After having my first year anniversary in nursing last week, my tips would be

1. Always listen to your gut instinct, if you think your patient looks well and is all right they probably are. If you have a little voice in your head telling you something is wrong, there IS!! Always listen to this little nagging voice!

2. Always listen to your patients..if they have pain, they will tell you (especially in paeds), likewise if they say they're gonna vomit...99.5% chance it's coming, run for the sick bowl!

3. If you don't know how to do something, or not sure, ALWAYS say!

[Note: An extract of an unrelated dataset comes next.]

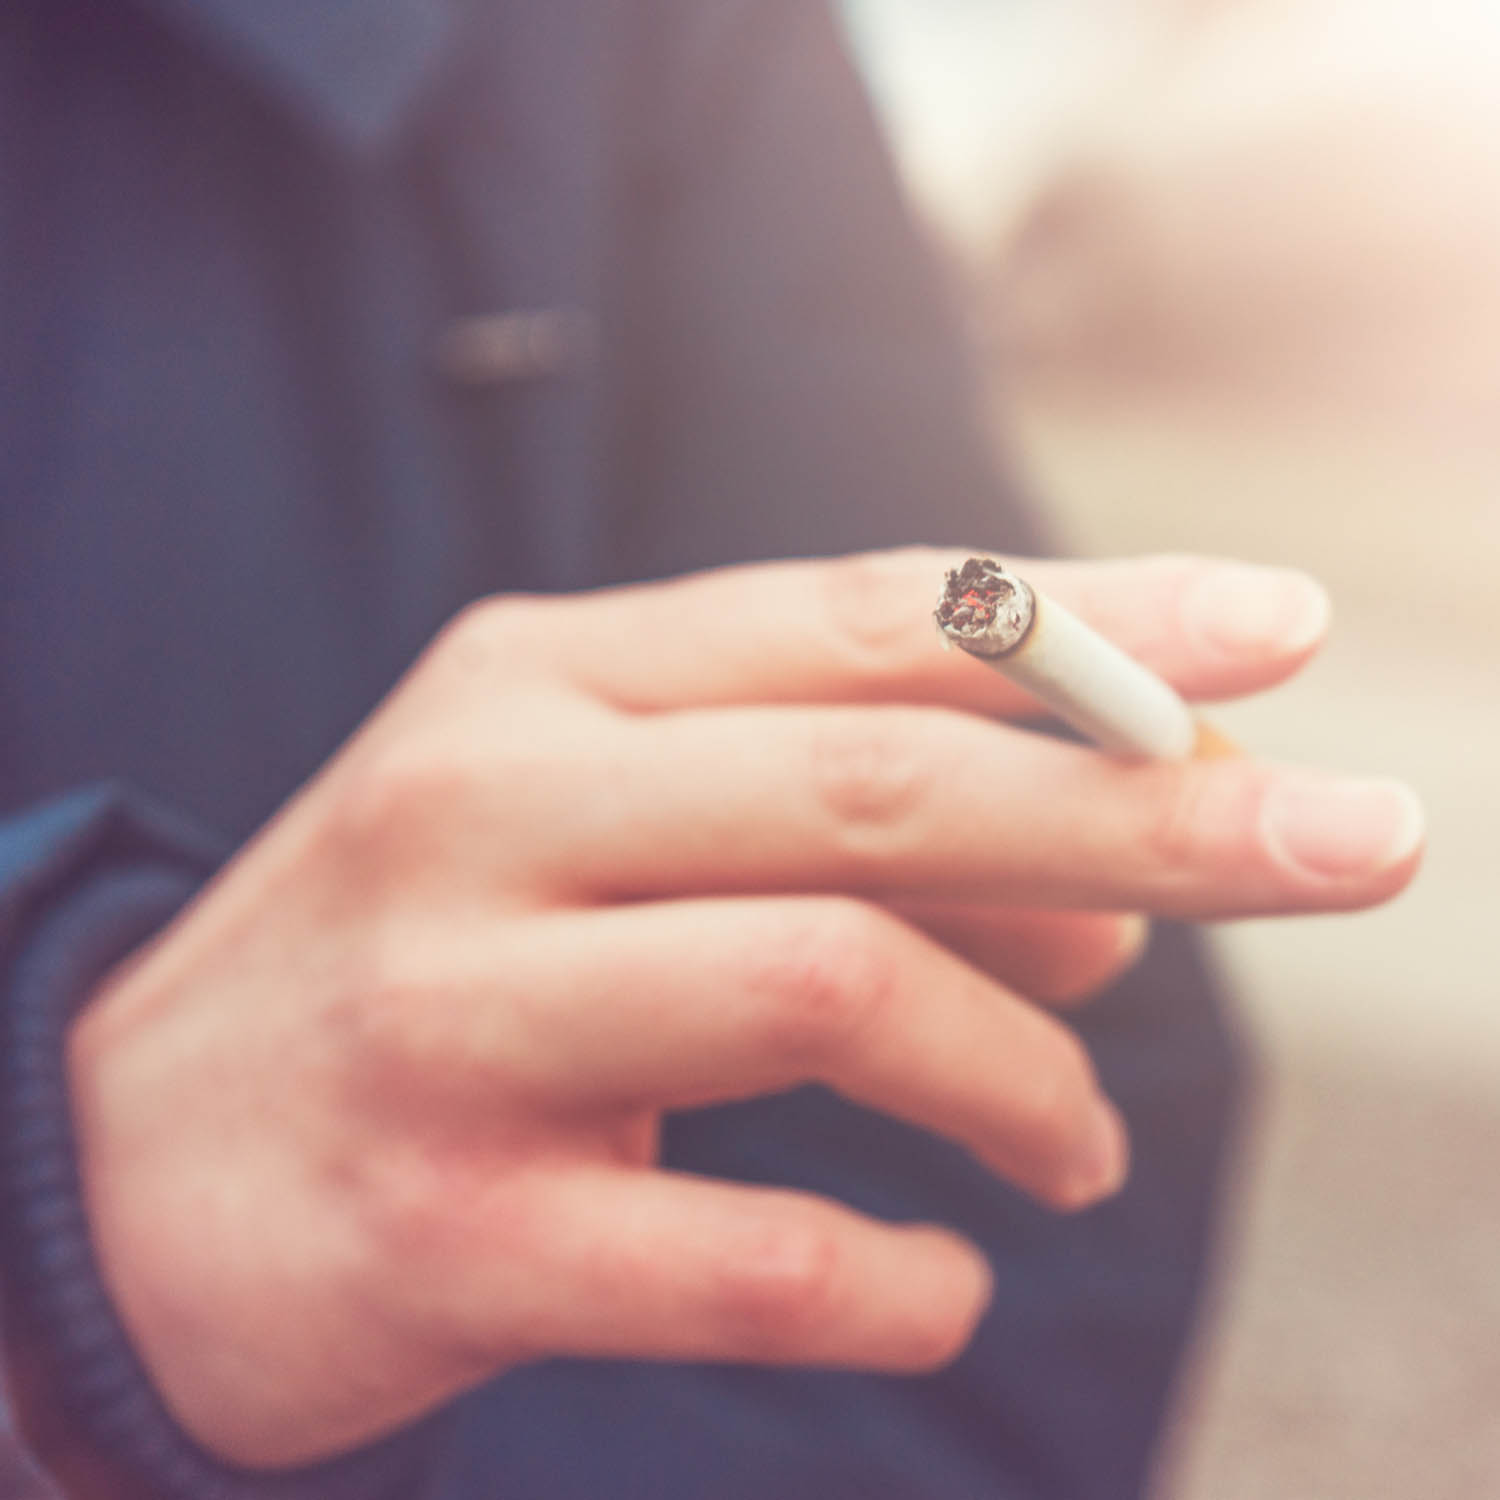 No smoker left behind: helping all Australians quit
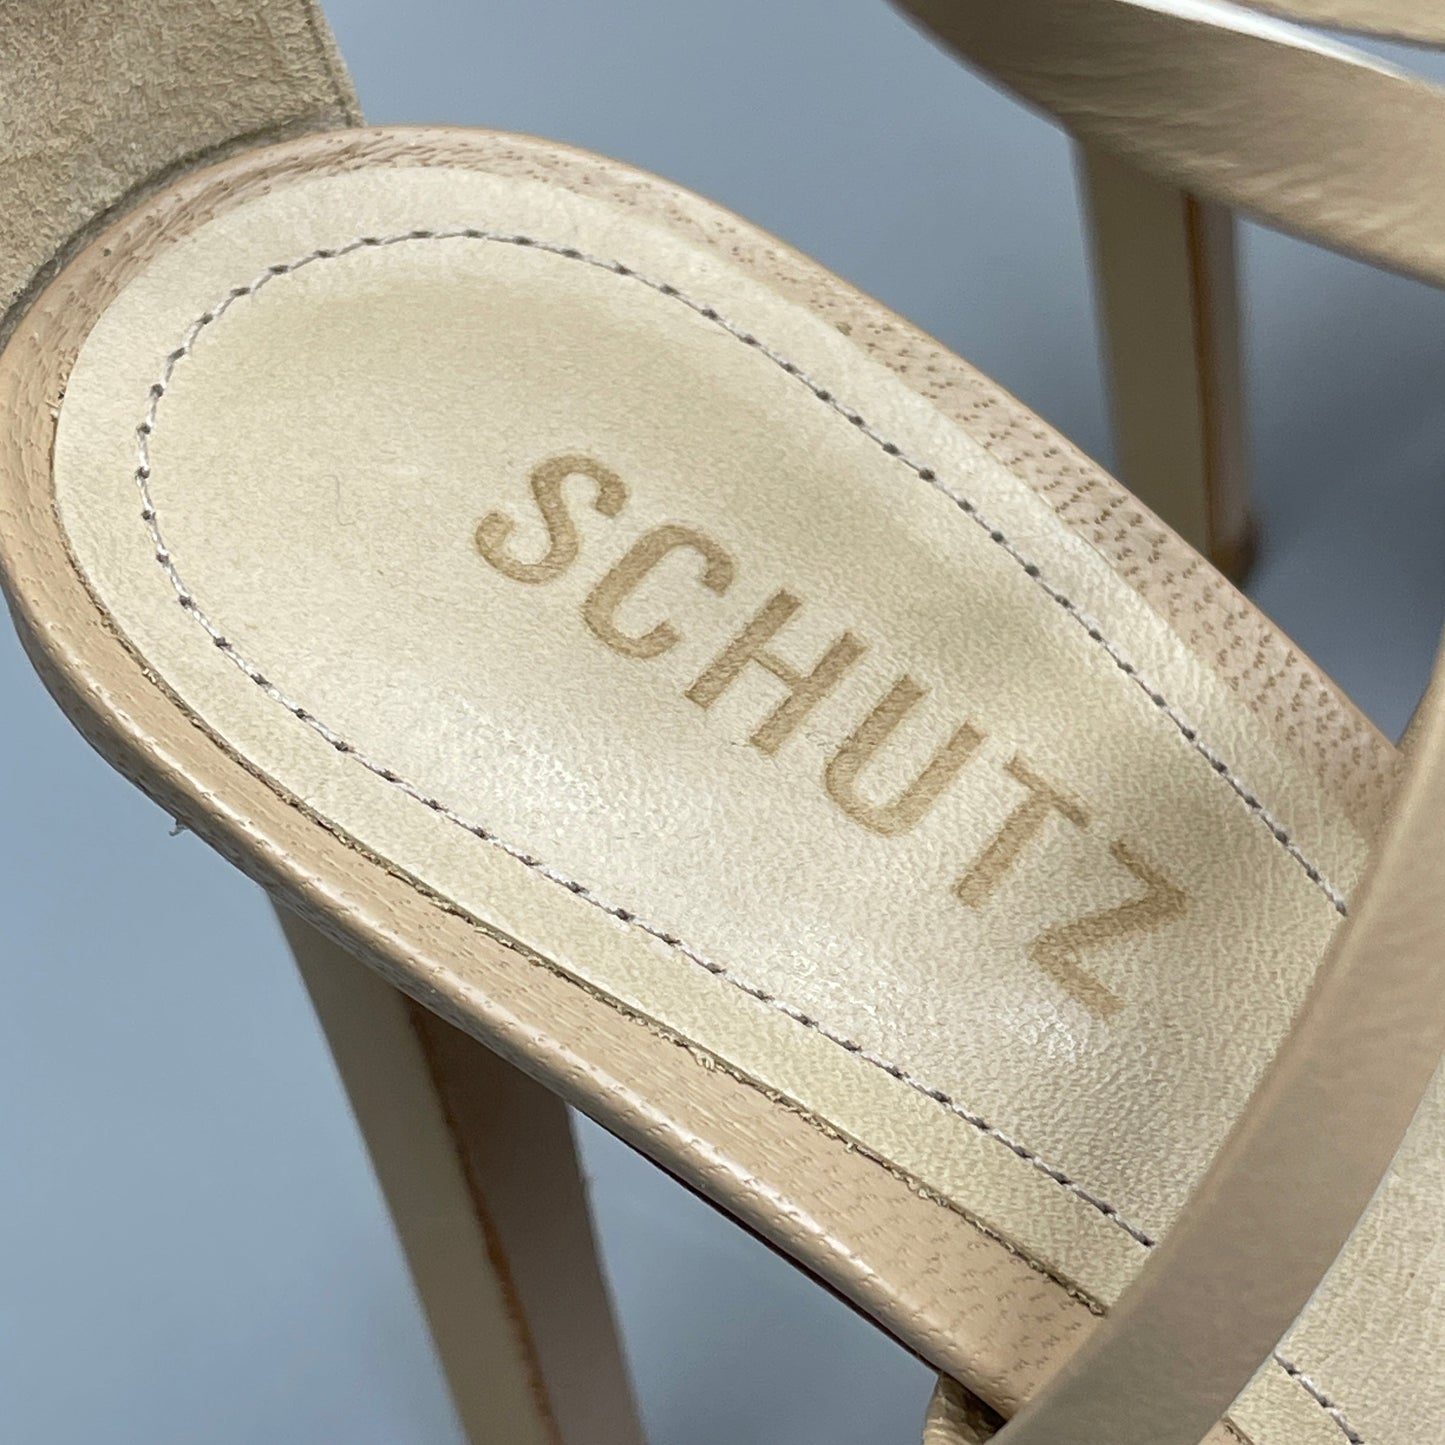 SCHUTZ Bryce Ankle Tie Women's Leather High Heel Strappy Sandal Light Nude Sz 7B (New)

You're gonna look a lot more stupid doing someting wrong you're not competent to do, rather than saying "can I have some help?" before you start!

4. Never lie to patients/families..they prefer the truth than to be lied to/or not told anything, people need information and honesty. Listening and showing an interest in them will get you a long way too.

5. Always try to put your own health/life first, if you feel burned out, take a break if you need it...it's no good carrying on regardless, it doesn't do you, your colleagues or your patients any good. We all need a rest sometimes.

6. Learn to say "no"...if you can't/don't want to do a shift you're not rostered for, then don't! Nurses need a life too! There will be someone else to fill that gap.

Specializes in Utilization Management.

I'll title this, "Things You Learn to Assess at a Glance." Each takes less than 3 seconds to check and all provide critical clues as to how your patient is doing.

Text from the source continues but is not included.